Storage accounting (StAR):
- DPM and dCache released StAR publishers in EMI3
- Use SSM to publish to APEL at RAL, same method as for CPU
- Working with 3 sites in November
- More sites looked at and this turned up some flaws in assumptions, going back to developers for fixes
- Portal has implemented similar view to CPU
- Italian tests with getting info from BDII and republish via StAR
- Supports sites that don't use a supported storage system
Cloud accounting:
- EGI Federated Cloud activity
- Create Cloud Usage Record from VMM and use SSM to send to APEL
- Scripts for OpenNebula, StratusLab, OpenStack
- Need to decide how to combine grid and cloud data, depends on benchmarking, assumptions etc
GOCDB postscript:
- GocDB 5.2 will allow site managers to add custom key properties
- All sites with a particular value can be found
Volunteer Computing @CERN
Status of LHC@home and outlook for wider use of BOINC - Nils Hoimyr
- What about Protected Application Environment and BOINC/VirtualBox?

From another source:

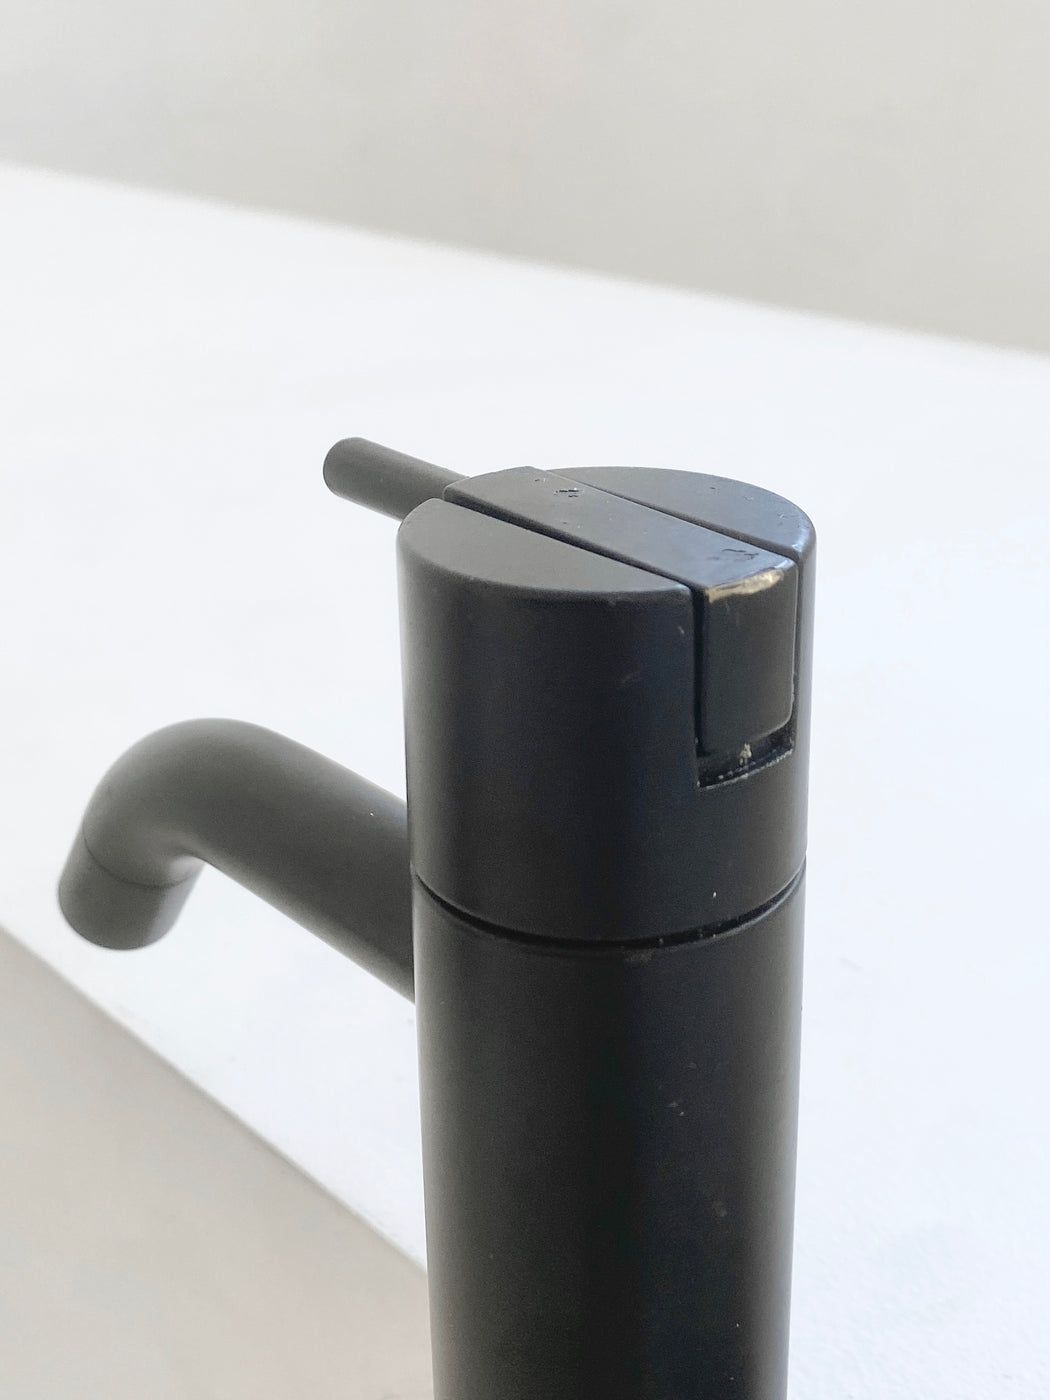 Arne Jacobsen 'HV1' Mixer Tap

- Means can't run as a service, and always need current user's cooperation
- Latest version of BOINC and Virtualbox fix this
LHCb's first steps in volunteer computing - Federico Stagni
- Got it to work at Ferrara using dedicated accounts and autogenerated passwords as a way round Virtualbox vs service problem
- Discussion:
- suggestion to use automatic CVMFS squid location procedure
- backfill ideas for multicore might be relevant for volunteer machines
Actions in Progress
- OpsCoord Report - Josep Flix
- See slides for details of future meetings and task forces
- WMS Decommissioning, Multicore Deployment, Middleware Readiness TFs started
- Discussion: Will Savannah -> JIRA happen? Must happen because Savannah will be closed eventually. Aim still to do this during LS1.
- OpenSSL Issue - Maarten Litmaath
- Detailed analysis of how this problem became known in the slides
- New GridSite creates 1024 bit proxy keys by default, rather than 512 bit
- Used by WMS, CREAM, UI, FTS-3, PanDA, ...
- New RPMs available as of 16 December 2013, EGI Broadcast then
- Need to update services which use GridSite
- Discussion: what about going to 2048 keys now so don't have this again? might break other things.
- EGI News - Peter Solagna
- Three slides:
- SHA-2 readiness/usage
- Increase availability/reliability per-month thresholds?
- Availability average: 70%, increased to 80%
- Reliaibility average: 75%, increased to 85%
- Need to fail three months in a row to risk suspension
- Security contacts verification
- Some semi-automated procedure
- Could do for other contacts in GOCDB too
Toward a new HEPSPEC Benchmark - Michele Michelotto
Work plan to prepare a new HEPSPEC benchmark after the release of SPEC14
- Not open source; site licensed as with HEPSPEC06
- Spec CPU2014 by the end of the year? As basis for HS14
- Preliminary kit closed source too
- Discussion:
- why not choose something open source? eg weighted Geant4 floating point/data structure performance?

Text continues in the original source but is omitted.